Sunday, 29 April 2012


Hoyts Distribution
Now Showing

As far as high concept films go, the idea of Nazis on the moon sounds like it should be a blast, well, at least a hoot. And if you happen to see Finnish director Timo Vuorensola's Iron Sky with the right audience, it could be.

A playful satire of right wing politics which swings unevenly between dead-on and too broad, Iron Sky is set in 2018, where Nazis have colonized the dark side of the moon. The Germans have actually been lunar-located since the latter stages of World War II, biding their time and awaiting a glorious return to Earth to establish the Fourth Reich.

Those plans are hastily brought forward with their discovery by two U.S. astronauts, one of which they take back to headquarters and who, much to everyone's Aryan surprise, turns out to be black.

James Washington (Christopher Kirby) is actually a male model, chosen for his good looks and dark complexion as part of a PR exercise to kick-start the re-election campaign of the current Palin-esque U.S. President (Stephanie Paul, who's no Tina Fey).

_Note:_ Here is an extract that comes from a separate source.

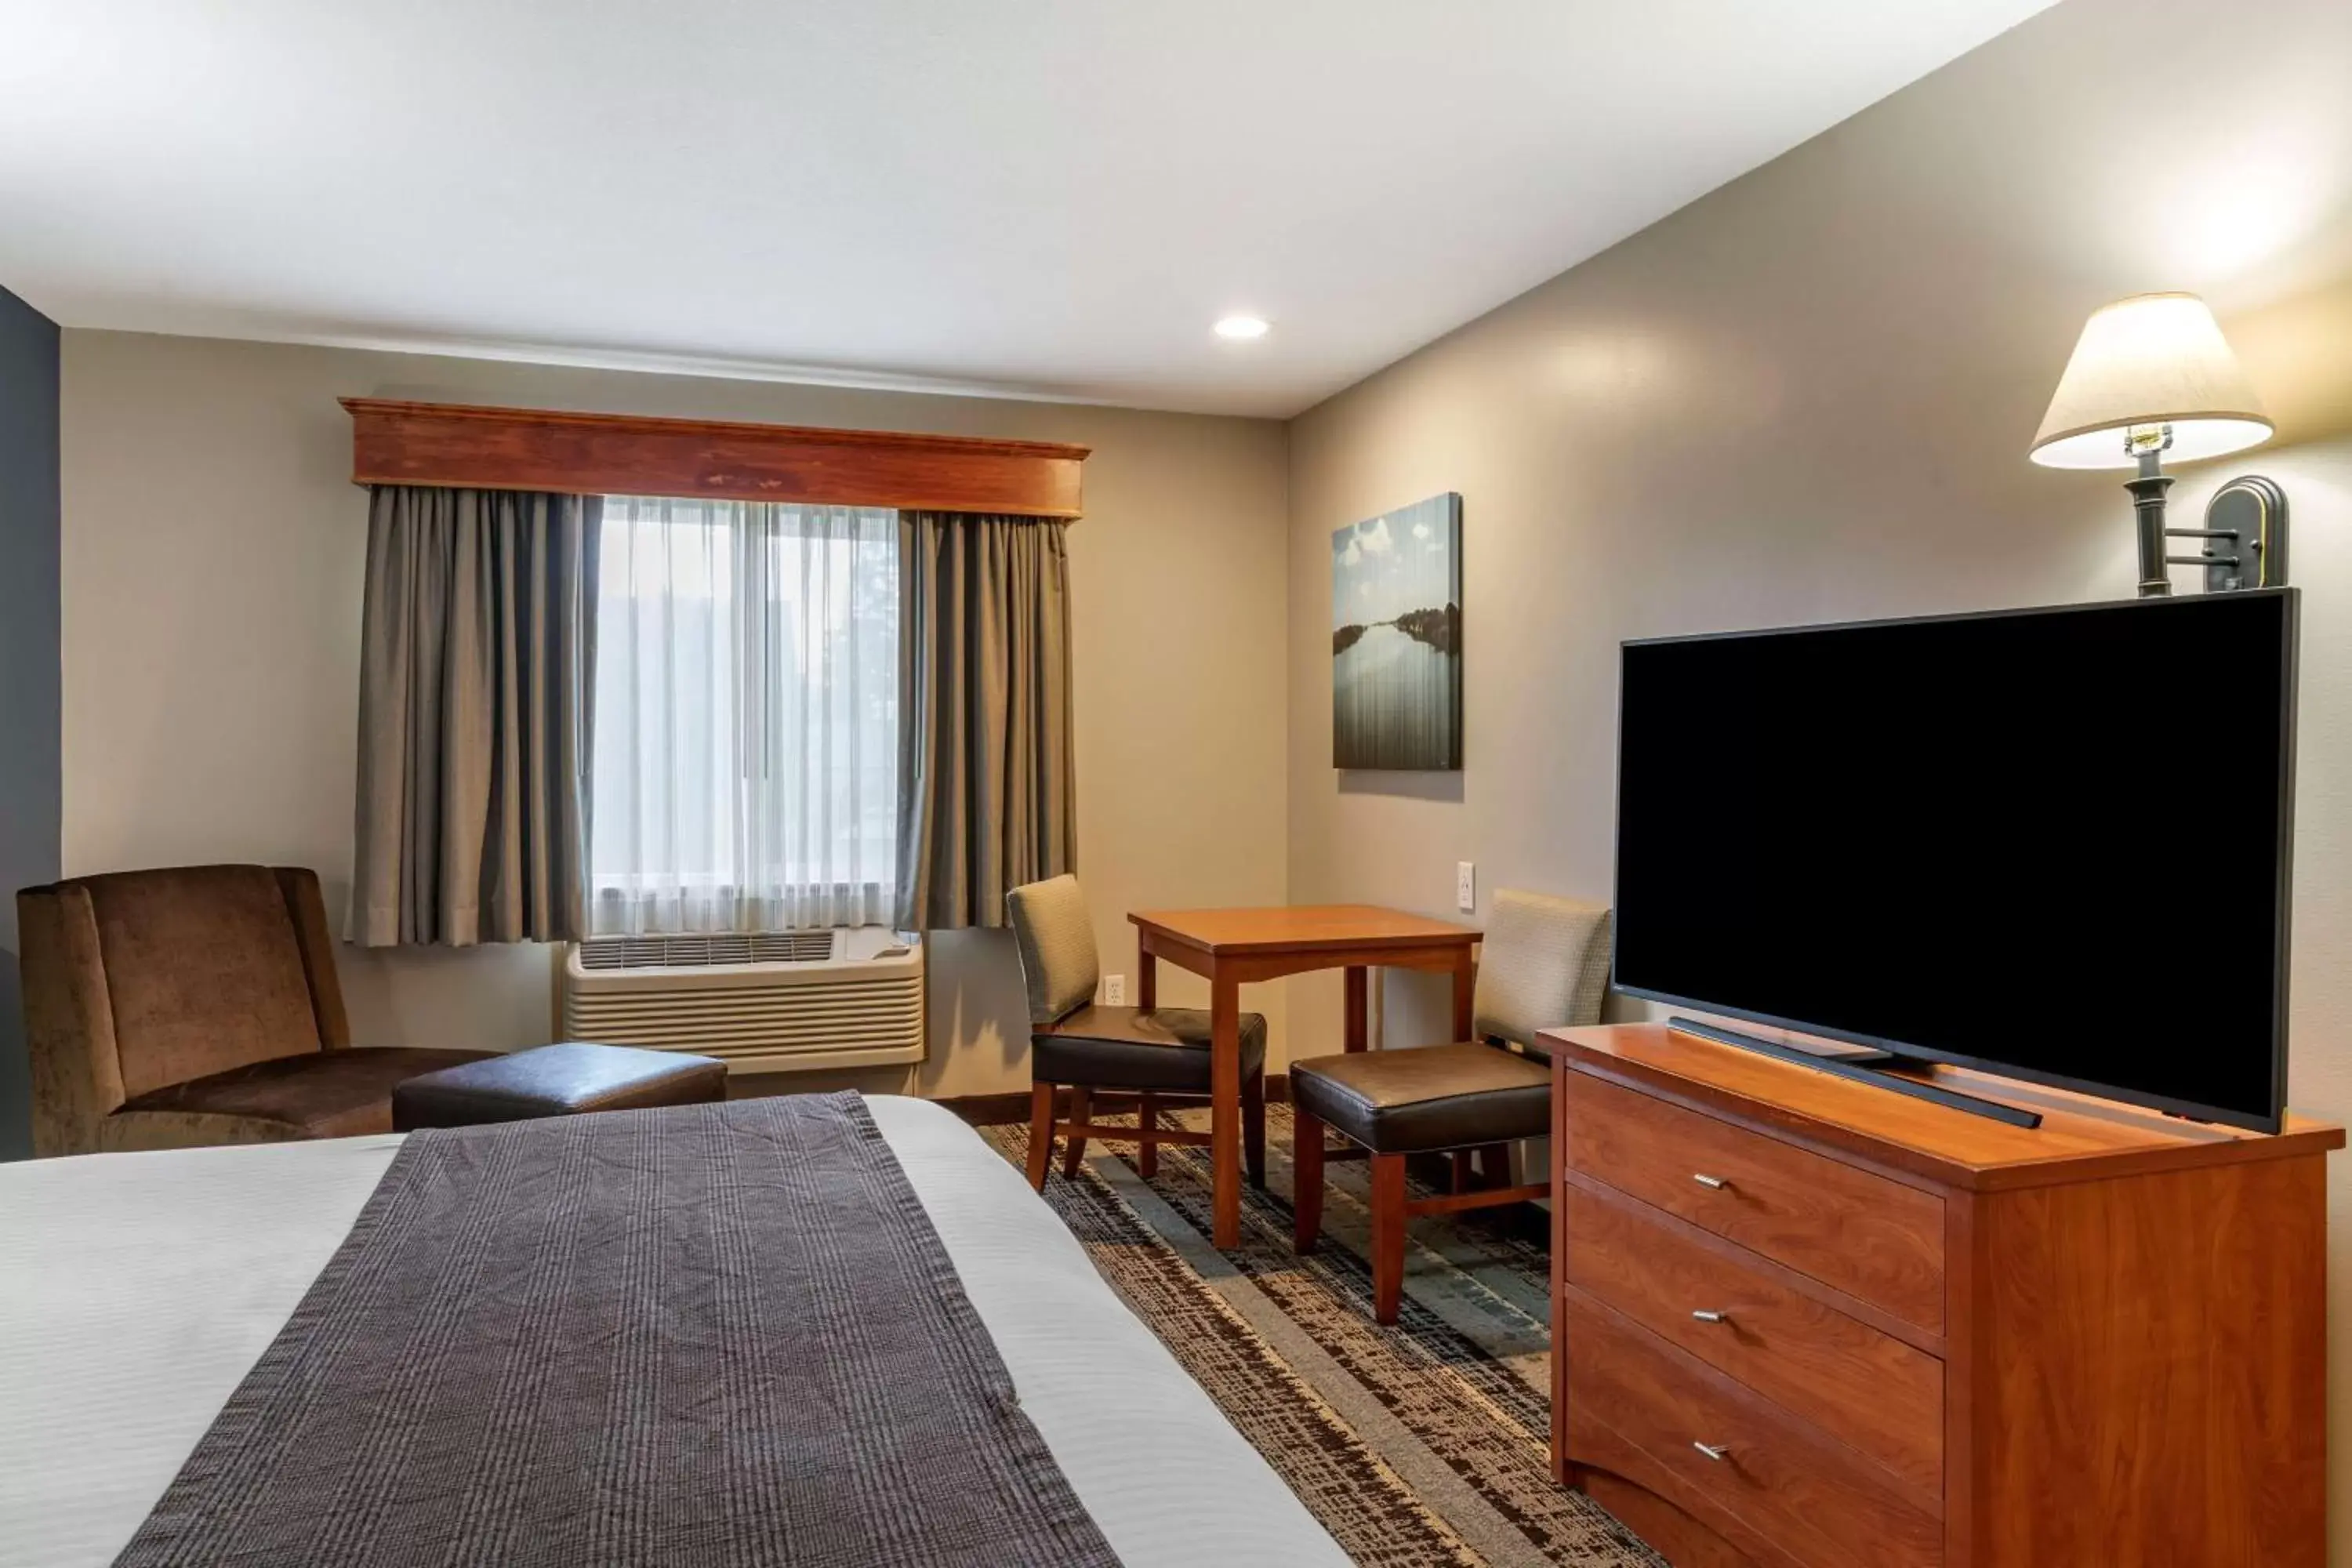 Bedroom, TV/Entertainment Center in Best Western Newberg Inn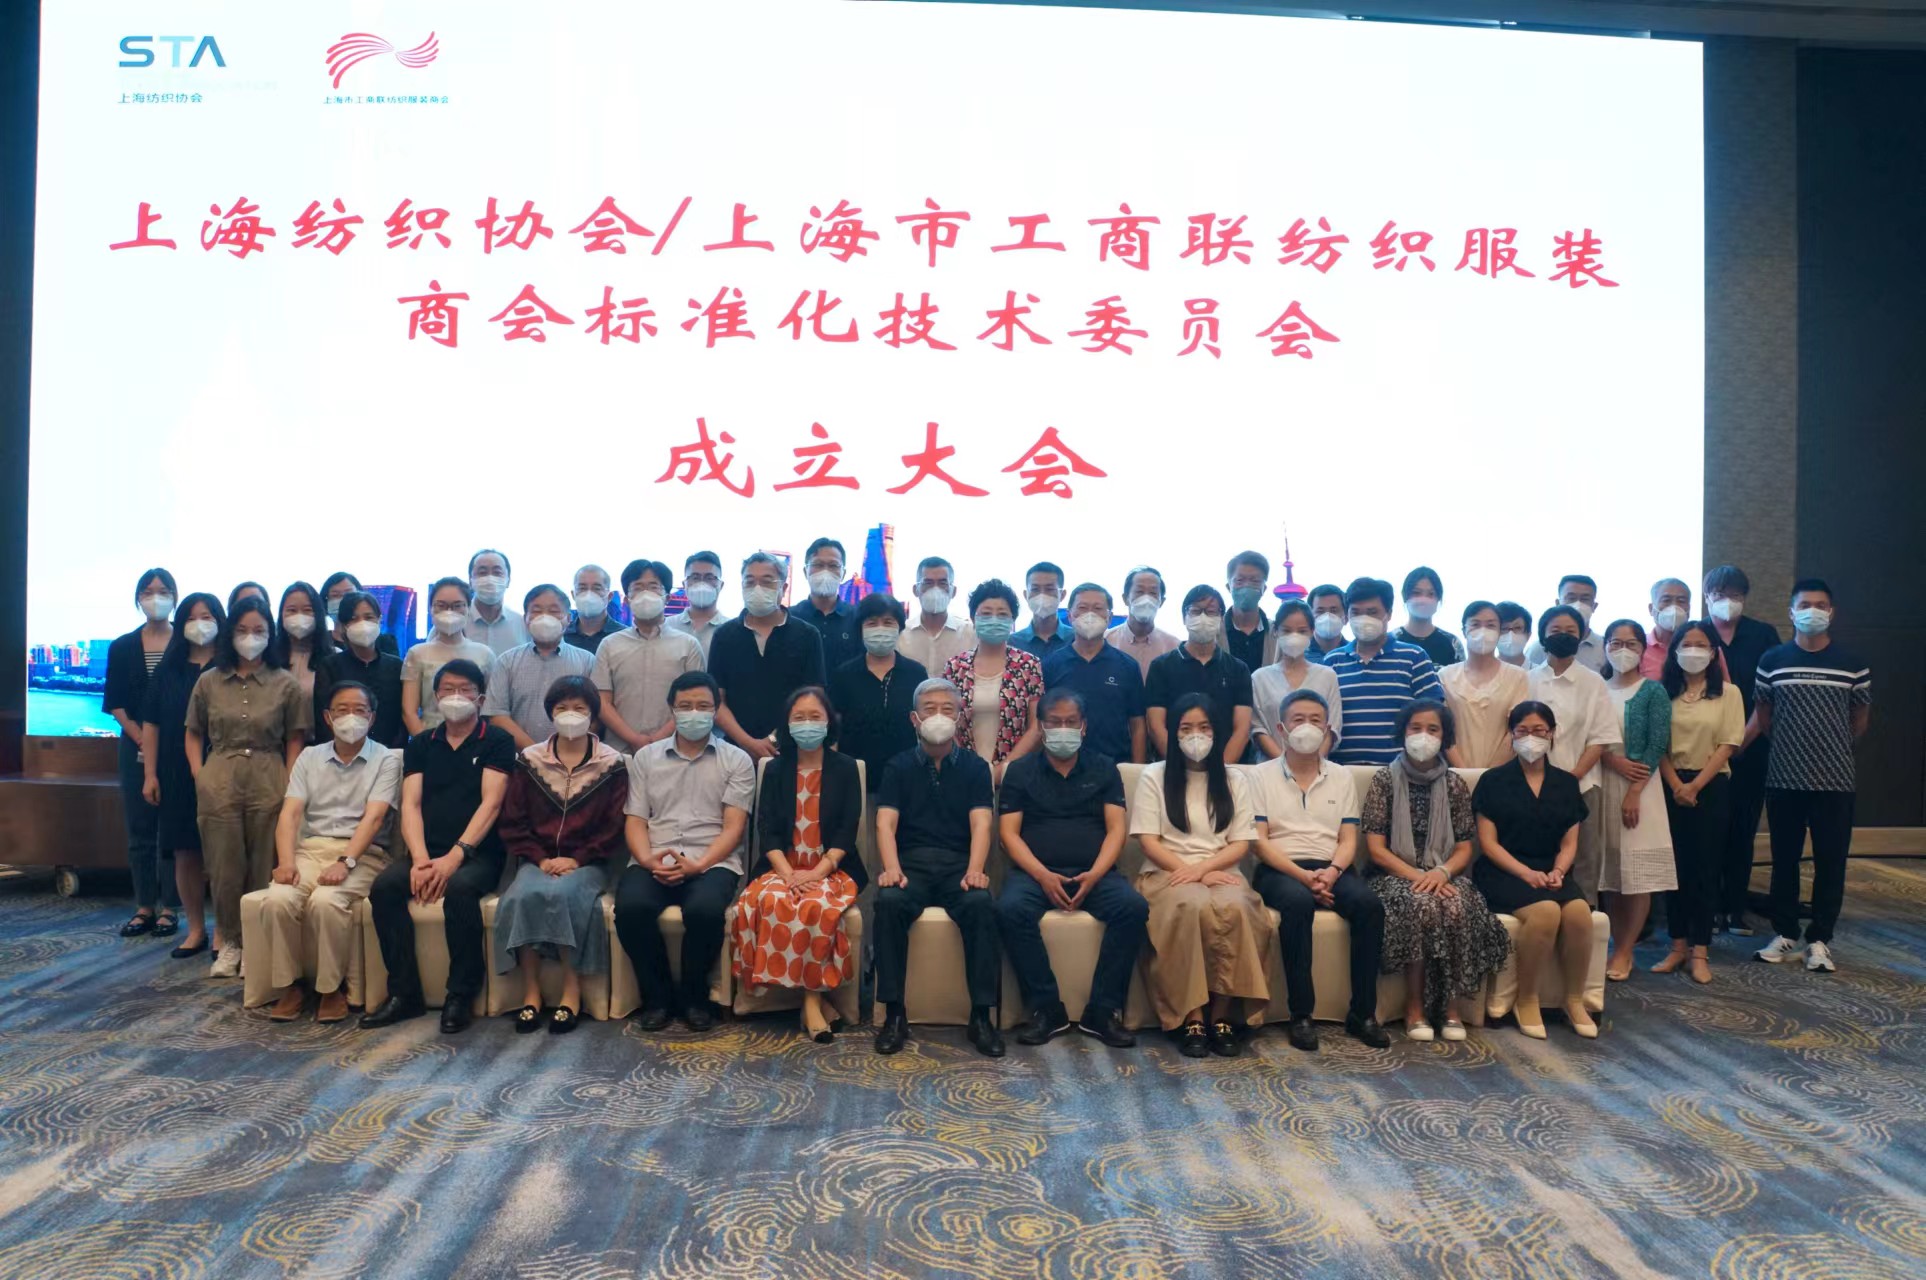 上海纺织协会/上海市工商联纺织服装商会标准化技术委员会成立大会暨上海纺织团标会第一次会议顺利召开

The Nazis are fascinated with the Earthling -- a computer the size of pack of cigarettes? -- none more so than Renate Richter (Julia Dietze), resident school teacher and Earthologist, whose knowledge of the Third Reich's history is somewhat spotty; she believes the Nazis are a peace-loving people, and Charlie Chaplin's The Dictator is a short film praising the good works of Hitler (the film's best joke).

But when she stows away on future Fuhrer (and husband), Klaus Adler's fact finding mission to Earth, accompanied by the now albino-ized Washington, Renate eventually has her eyes opened to the true nature of her people.

But not before Adler (Gotz Otto) is embraced by the U.S. President as a key to her re-election strategy, and literally embraced by presidential campaign manager, Vivian Wagner (Peta Sergeant). But before long, intergalactic relations sour and it's rocket ships at the ready as the U.S and the Nazis go to war -- again.

The swastika hasn't been used this prominently in film since Tarantino's Inglorious Basterds (2009), or with such reckless abandon and gleeful disrespect for the Third Reich since Mel Brooks' The Producers. Not that Iron Sky is as entertaining as either of those films; it's not even in the same galaxy, quality-wise.

Still, the film looks great. The visual effects, and particularly the models of moon bases and spacecrafts are impressive. The film recalls Star Wars in look and has a deliberate nod to John Williams' score; Ride of the Valkyries also gets a good run (you can't have Nazis without Wagner).

If only Vuorensola, and screenwriter Michael Kalesniko (working from an original idea by Johanna Sinisalo and Jarmo Puskala), had paid as much attention to honing the screenplay, sharpening the satire and finessing the performances, then Iron Sky may have hit more targets than its scatter shot approach allows for.